Shock-Resistance Responses of Frigate Equipments by Underwater Explosion

Hyunwoo Kim; Joonmo Choung

doi:10.26748/KSOE.2022.008

Abstract

Three-dimensional finite element analysis (3D-FEA) models have been used to evaluate the shock-resistance responses of various equipments, including armaments mounted on a warship caused by underwater explosion (UNDEX). This paper aims to check the possibility of using one-dimensional (1D) FEA models for the shock-resistance responses. A frigate was chosen for the evaluation of the shock-resistance responses by the UNDEX. The frigate was divided into the thirteen discrete segments along the length of the ship. The 1D Timoshenko beam elements were used to model the frigate. The explosive charge mass and the stand-off distance were determined based on the ship length and the keel shock factor (KSF), respectively. The UNDEX pressure fields were generated using the Geers-Hunter doubly asymptotic model. The pseudo-velocity shock response spectrum (PVSS) for the 1D-FEA model (1D-PVSS) was calculated using the acceleration history at a concerned equipment position where the digital recursive filtering algorithm was used. The 1D-PVSS was compared with the 3D-PVSS that was taken from a reference, and a relatively good agreement was found. In addition, the 1D-PVSS was compared with the design criteria specified by the German Federal Armed forces, which is called the BV043. The 1D-PVSS was proven to be relatively reasonable, reducing the computing cost dramatically.

1. Introduction

Among the many types of threats that occur during the battles of surface ships, the underwater explosion (UNDEX) causes structural and equipment damages and the even loss of the longitudinal strength of naval vessels. Therefore, in order to continue the battle and operational performance of naval ships, the shock-resistance against the UNDEX must be evaluated throughout the exploratory development stage and system development stage, respectively.

Naval ships are composed of hull structure, equipment, and crews. The shock-resistance evaluation is performed mainly on the most vulnerable installations and equipments. The shock-resistance responses for those installations and equipments are evaluated using experimental and numerical approaches. In general, the experimental method is recommended, but if there are experimental restrictions, such as the huge sizes, excessively heavy weights, and high costs, the computer-based numerical approach can be an alternative (BV, 1985).

The numerical approach includes the static acceleration method, the dynamic design analysis method (DDAM) suggested by the U.S. Naval Research Laboratory (NRL), and the BV043 method by the German Naval Regulations (BV, 1985).

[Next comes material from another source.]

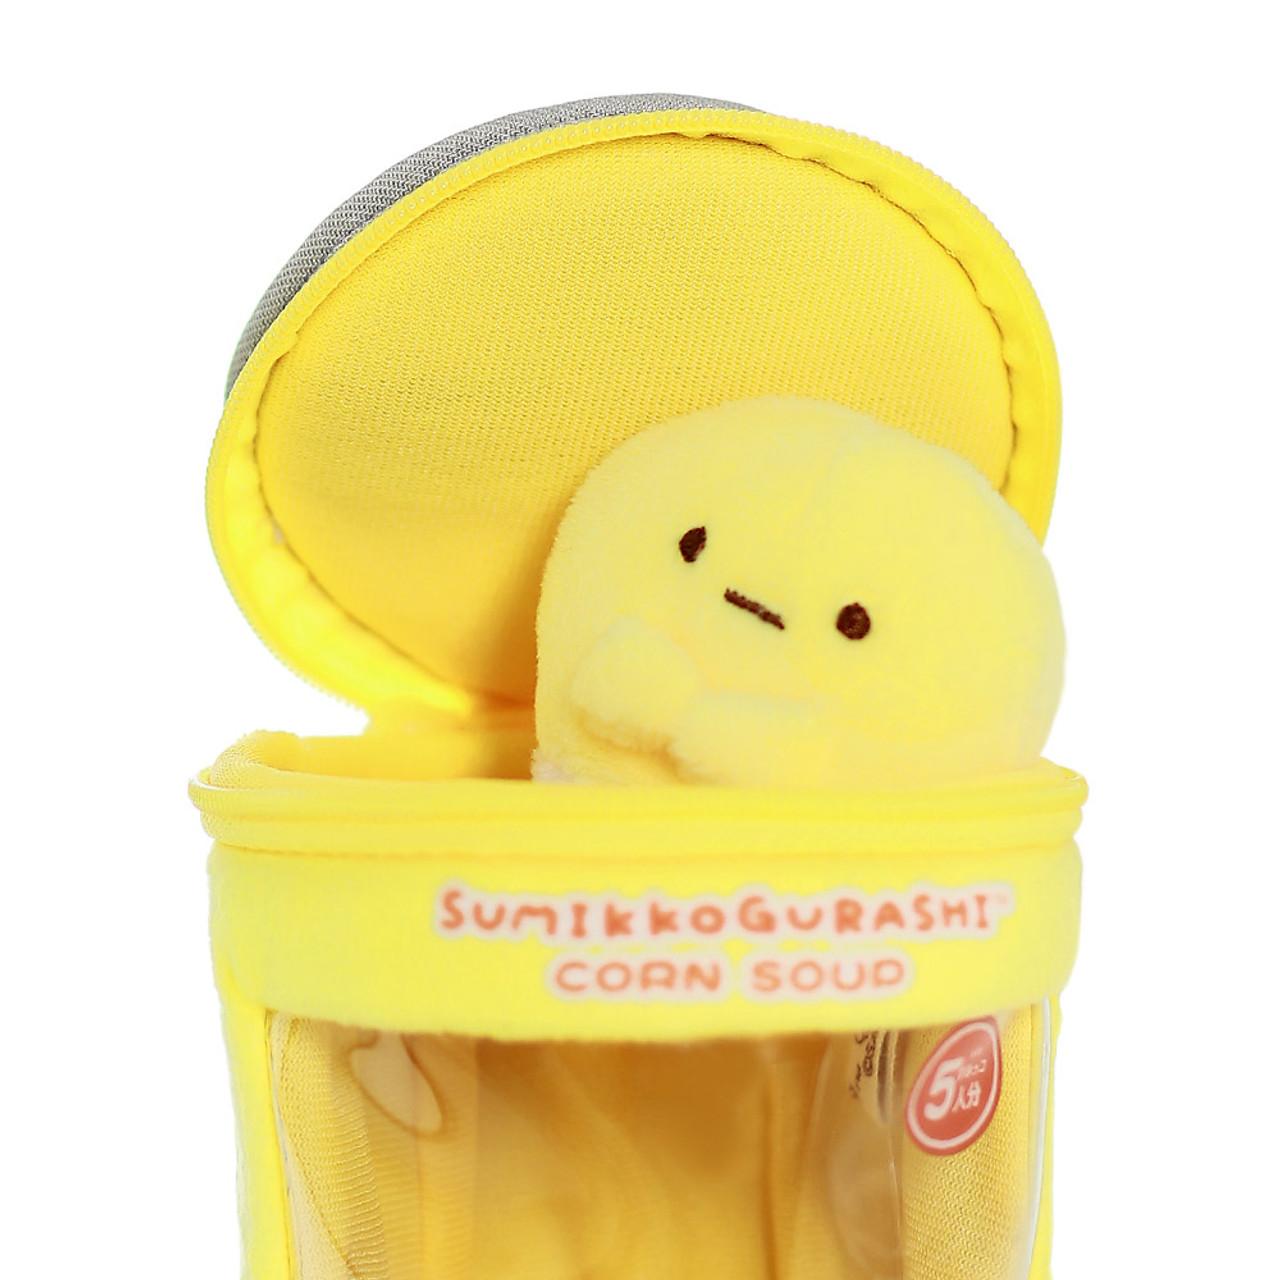 Sumikko Gurashi Premium Corn Can Plush keychain Charm ( Take out from top of the zipper )

Although the static acceleration method is relatively simple compared to other numerical methods, the Naval Sea System Command (NAVSEA) does not recommend to use it because it does not consider the dynamic responses. The DDAM evaluates the shock-resistances based on the spectral analyses (NAVSEA, 1995). The shock response spectrum (SRS) can be calculated using the BV043 based on the German Naval Regulations while the BV043 also provides the design criteria for the SRS. The BV043 provides guides to calculate the SRS depending on the installation locations of the equipments and the shock directions.

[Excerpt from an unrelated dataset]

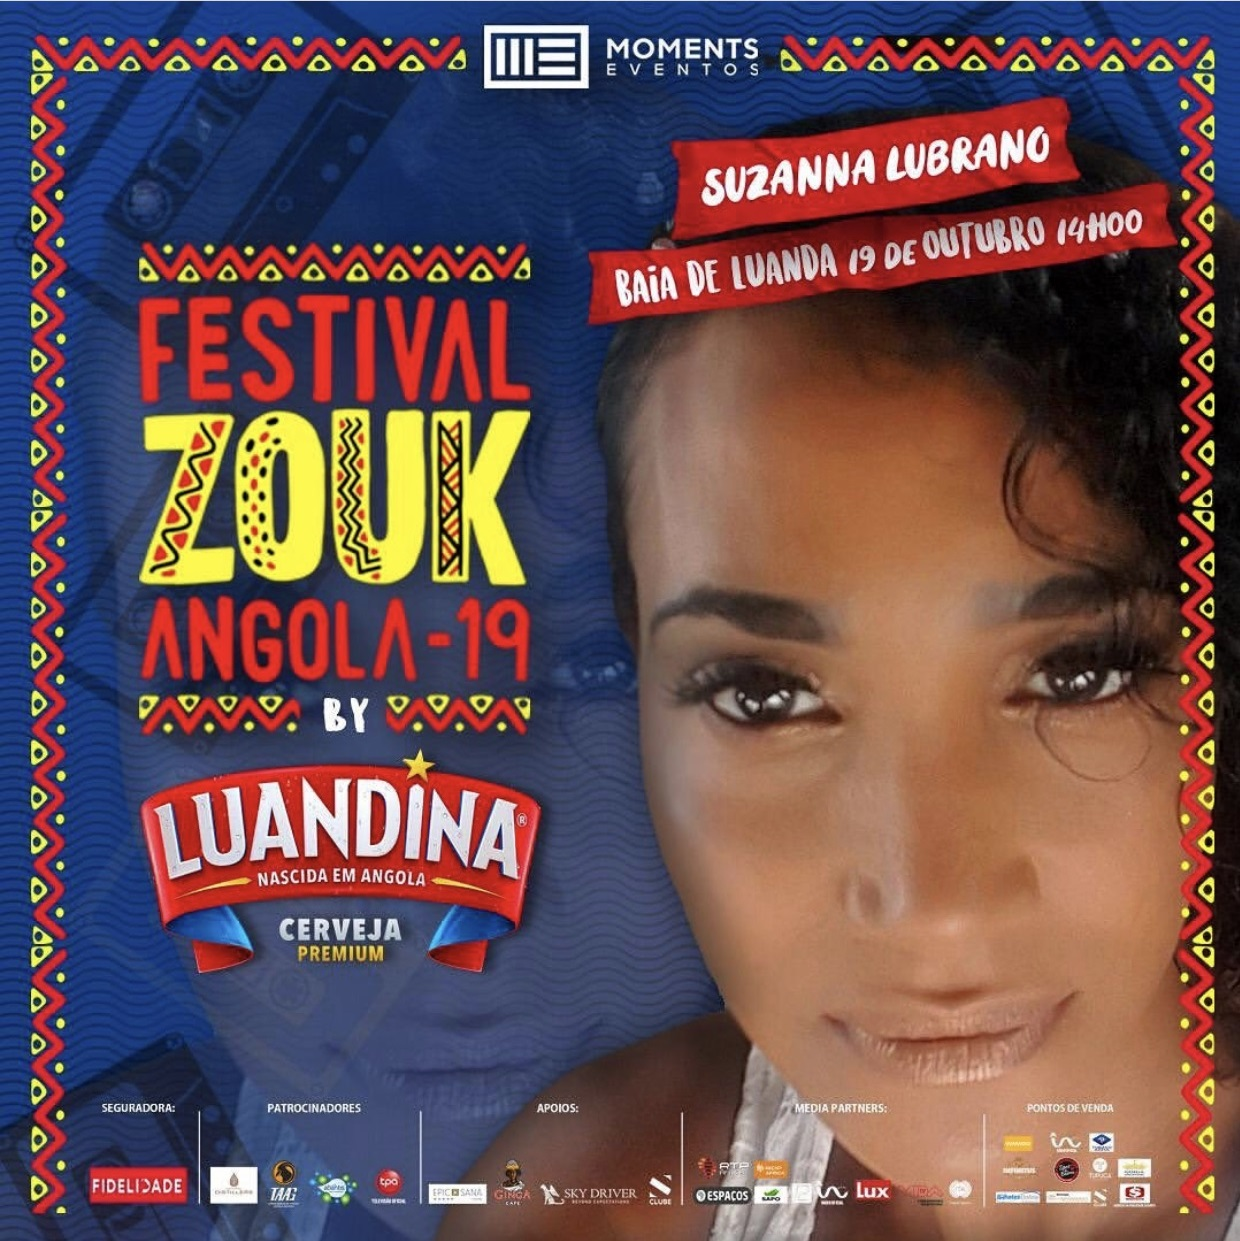 Suzanna Lubrano - 19th October 2019

Lee and Choung (2020) confirmed that the fluid domain was not necessary condition to obtain the response history of the floating body subjected to the UNDEX loads. Kim et al. (2021) performed the inelastic whipping response analyses at the various stand-off distances using Timoshenko beam elements. Lee et al. (2010) applied the DDAM to analyze the shock responses of the large motors. Lee (2012) performed the shock-resistance response analyses of the ship steering system using the DDAM. Bae et al. (2009) and Seong et al. (2015) applied the BV043 to analyze the shock responses for the propulsion motor. Kim et al. (2017) evaluated the shock-resistance performance of the gas turbine package using the BV043.

As can be seen from the reference surveys, the DDAM and BV043 methods have been used extensively to evaluate the shock-resistance performances of the equipments on naval ships.

After analyzing the 3-dimensional (3D) full ship shock responses, it is possible to evaluate the design integrity of the hull structures and equipment support structures. However, in the case of 3D full ship shock response analyses, it takes a considerable amount of time, hence it is often not possible to perform 3D full ship shock response analyses in the exploratory development stage. Therefore, the goal of this study was to check if the 1-dimensional (1D) shock response analysis model presents the reliable shock-resistance responses at the equipment supports.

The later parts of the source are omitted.